From the barber shop to the firing line

It is worth sitting with how unlikely Primary Arms is. A barber, dared on a forum to do better than the counterfeit red dots flooding the market, started selling honest optics out of a back room — and ended up creating a reticle system so good that rival optics companies license it. The whole company is a monument to the value-shooter mindset: spend your money where it actually helps you hit the target. That is why a $200 Primary Arms prism with an ACSS reticle has out-shot a lot of optics costing several times more, and why the brand earned the loyalty it has.

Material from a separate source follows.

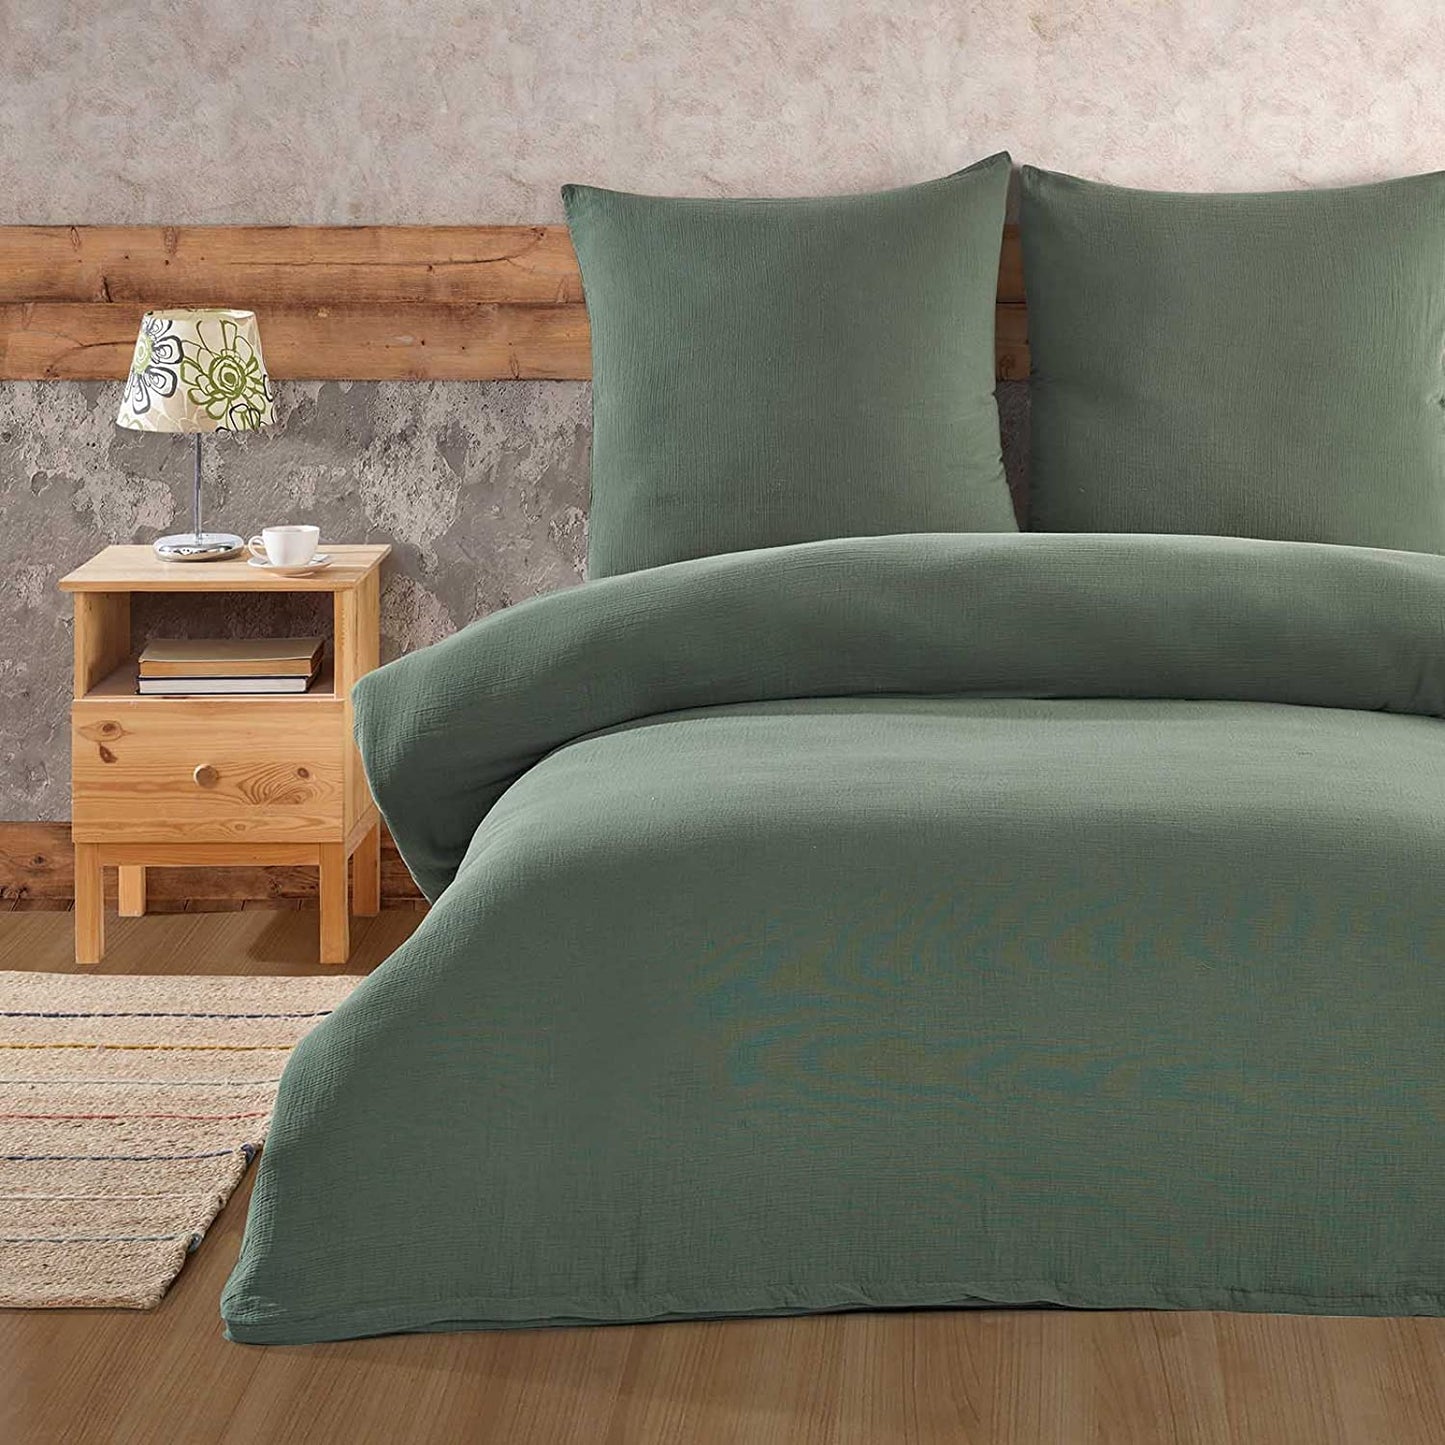 Buymax® Musselin Bettwäsche Set aus Baumwolle, Grün, 155x220 cm

What you need to run a Primary Arms optic

The heart of most Primary Arms optics is the ACSS reticle, and getting the most from it starts with matching the reticle to your caliber and velocity, since the built-in holdovers and ranging are calibrated to specific loads like 5.56 or .308. After that, mounting is straightforward: a prism scope or LPVO wants a one-piece mount at the right height for an AR, and a micro red dot wants a riser to co-witness with your irons.

The common pairings are a flip-to-side magnifier behind a micro red dot, a throw lever on an LPVO’s magnification ring, and flip-up lens caps. Primary Arms makes much of this mounting hardware itself, in the same value-focused SLx, GLx and PLx tiers as its optics, so you can match the mount quality to the scope.

Pick the right reticle for your load and mount it at the correct height, and a Primary Arms optic punches well above its price. The mounts, risers, magnifiers and accessories to set one up are in the carousels below.

Shop Primary Arms Parts & Prices

Live products and current prices for Primary Arms, organized by department and updated automatically.

Where Primary Arms Fits in Our Buying Guides

Primary Arms FAQ

Where is Primary Arms based?
Houston, Texas. Marshall Lerner founded the company there in 2007, reportedly running it at first out of a back storeroom of his barber shop. It is both a major retailer and a house-brand optics maker.

What is the ACSS reticle?
Primary Arms’ patented Advanced Combined Sighting System — a reticle that combines bullet-drop compensation, auto-ranging, wind holds, moving-target leads and a precise center chevron into one intuitive sight picture for fast firing solutions. It is the brand’s signature feature.

What is the difference between SLx, GLx and PLx?
SLx is the value line, GLx is the mid-tier with more premium features at an approachable price, and PLx is the premium line focused on first-class glass and craftsmanship, including Primary Arms’ first US-made optics.

Are Primary Arms prism scopes good?
Yes — the SLx and GLx prisms, especially the 3x and 5x, are some of the best-value optics on the market, with an etched ACSS reticle that works even with a dead battery.

Primary Arms vs Holosun — which is better?
Both are value leaders. Primary Arms generally wins on prism scopes and reticle sophistication (ACSS); Holosun leads on tiny solar-powered red dots. Pick by the type of optic you want.

Is Primary Arms glass as good as Trijicon or Vortex Razor?
Not quite — premium names still hold an edge in outright clarity, low-light performance and proven durability. But Primary Arms costs far less and the ACSS reticle is a real advantage you cannot get at this price elsewhere.

Does Primary Arms sell other brands too?
Yes. Beyond its own Primary Arms Optics line, the company is also a large online retailer that sells guns, ammo and gear from other brands. This page covers Primary Arms’ own-brand optics and parts.

What tier is Primary Arms?
Value-to-mid, with a premium reach via PLx. The value-per-dollar and the ACSS reticle are the reasons to buy.